Today’s column is written by Matt Prohaska, principal and CEO at Prohaska Consulting.
The quote in the headline, echoed by numerous political pundits, typifies the overreaction during and after the United States’ Election Day. Like many watching election results on that Tuesday night, I thought how badly the pollsters got it wrong, again.
Has Nate seen enough?
— Nate Silver (@NateSilver538) November 6, 2020
But remember, polling is near-impossible to be perfect, since under 100% of those surveyed tell the truth, or make themselves available to pollsters, or do exactly what they said they were going to do. These discrepancies make an accurate representation of what is likely to happen very difficult, which is partially why there are margin of error footnotes.

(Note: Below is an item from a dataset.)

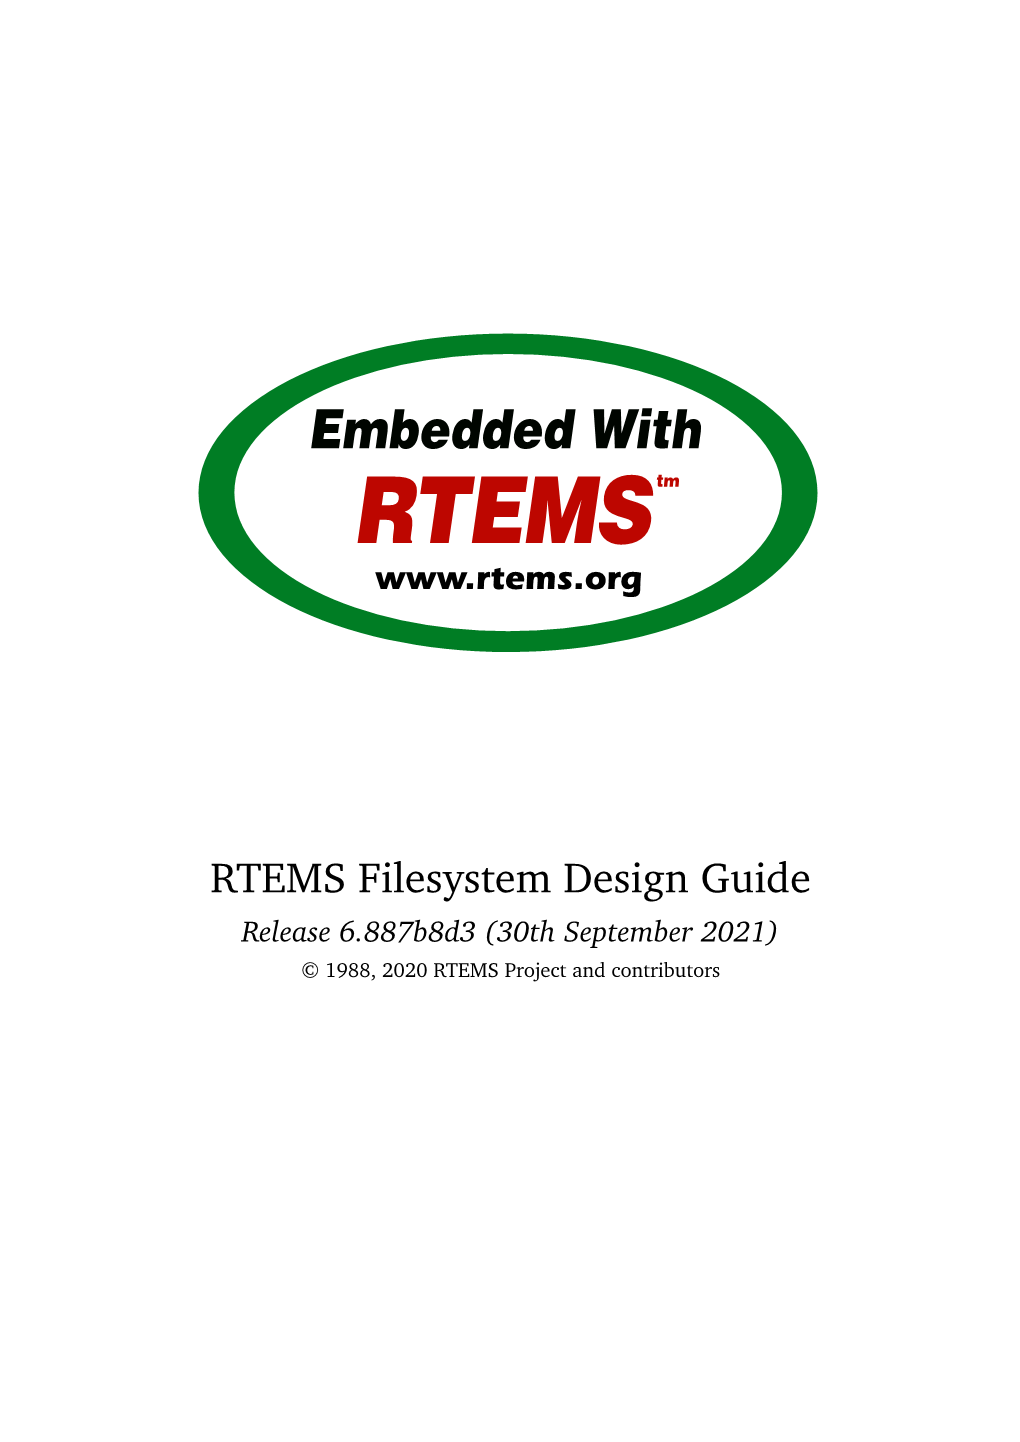 RTEMS Filesystem Design Guide Release 6.887B8d3 (30Th September 2021) © 1988, 2020 RTEMS Project and Contributors

While polling before an event happens is different from measuring the results, there are some analogies and takeaways for the marketing and advertising industry, progressing toward a brave new world in identity and measurement.
Think about people that tell pollsters they support one candidate when they actually support another, because they don’t want to say who they really are voting for. Then think about folks that turn off their Nielsen meters when they binge-watch “Love Island,” but not when they watch PBS.

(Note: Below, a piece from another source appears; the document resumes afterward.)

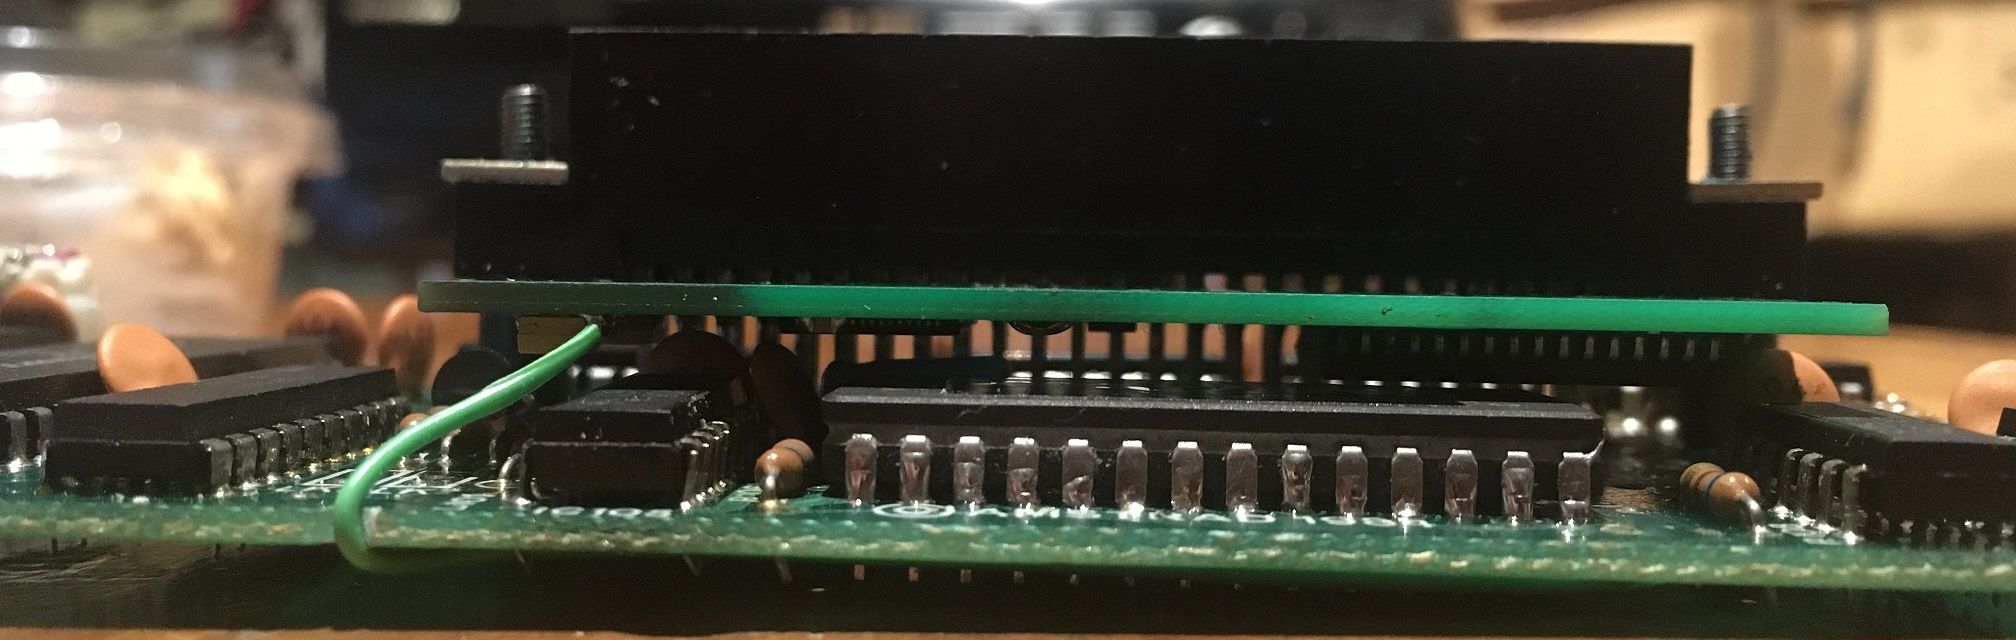 side of the modded Amstrad CPC DDI-1

Still, I applaud Nielsen’s recent announcement incorporating new data sets into its currency, as an important step toward bridging linear and addressable and getting us closer to a more fair and accurate representation of what worked where and when and by how much.
Fix your identity first, measurement and attribution second
Just as Americans live in two different countries, we operate globally today in two different ad ecosystems, one with walled gardens and one without.

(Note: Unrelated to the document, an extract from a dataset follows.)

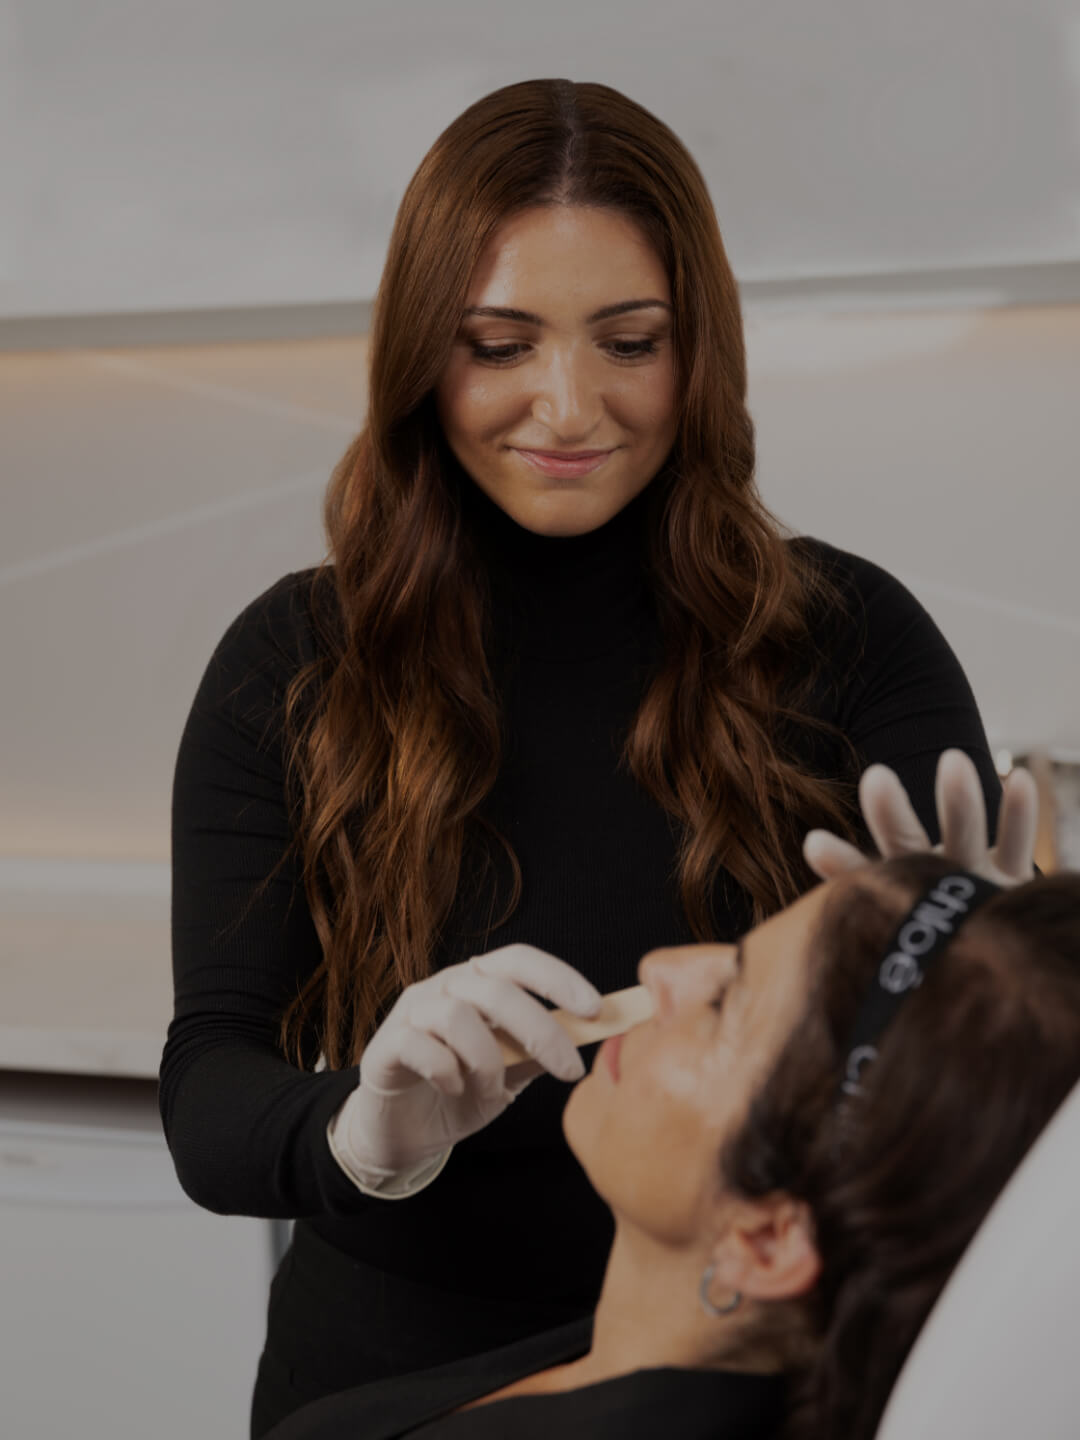 Medico-aesthetic technician Sonia D'Antico applying gel to her patient's face before an IPL treatment

Google, Facebook and Amazon continue to crush it because they have two things in spades that thousands of other publishers don’t have: identity accuracy and measurement ownership. Both Google studies and our own projections from publisher clients show that publishers risk losing 30% to 50% of their revenue in a post-cookie world if nothing else replaces it.
While many push on panels and focus their business models around a hashed email (or HEM cookie as we call it) for a fully-deterministic open web, we know that won’t completely scale and so , despite Nielsen’s claim that polls can be used to extrapolate conclusions more broadly, publishers will need to mix a cocktail of deterministic, probabilistic and contextual options to present fully-scaled choices to their advertisers. Only then will marketers be able to properly measure and attribute success and failure more accurately and equitably, so publishers across all media channels get their fair share.
What you can do
As we said during AdExchanger’s Programmatic IO last month, publishers and brands need to take important steps now to fully own their identity strategy, playbook, partner landscape, audience relationship and first-party assets.
Otherwise, publishers will lose even more market share to the Big Three, and brands with their agencies will continue to spend where there is more accuracy, more personalization and less risk. This is the danger of publishers not knowing their audiences’ behavior and performance as much as the Big Three, or even their advertisers, do today.
Polling, like measurement, can be very helpful and misleading if sources and methodology are inaccurate with incorrect identity. Imagine politicians spending all their campaign time and money in places where their votes are already secured, missing out on key states and counties that could actually make a difference.
Publishers and brands risk losing their own elections, resulting in publishers struggling not just to thrive but survive. No matter how you feel about the presidential election outcome, losing more and more publishers, and the open web as we know it, are threats to democracies we should all want to avoid.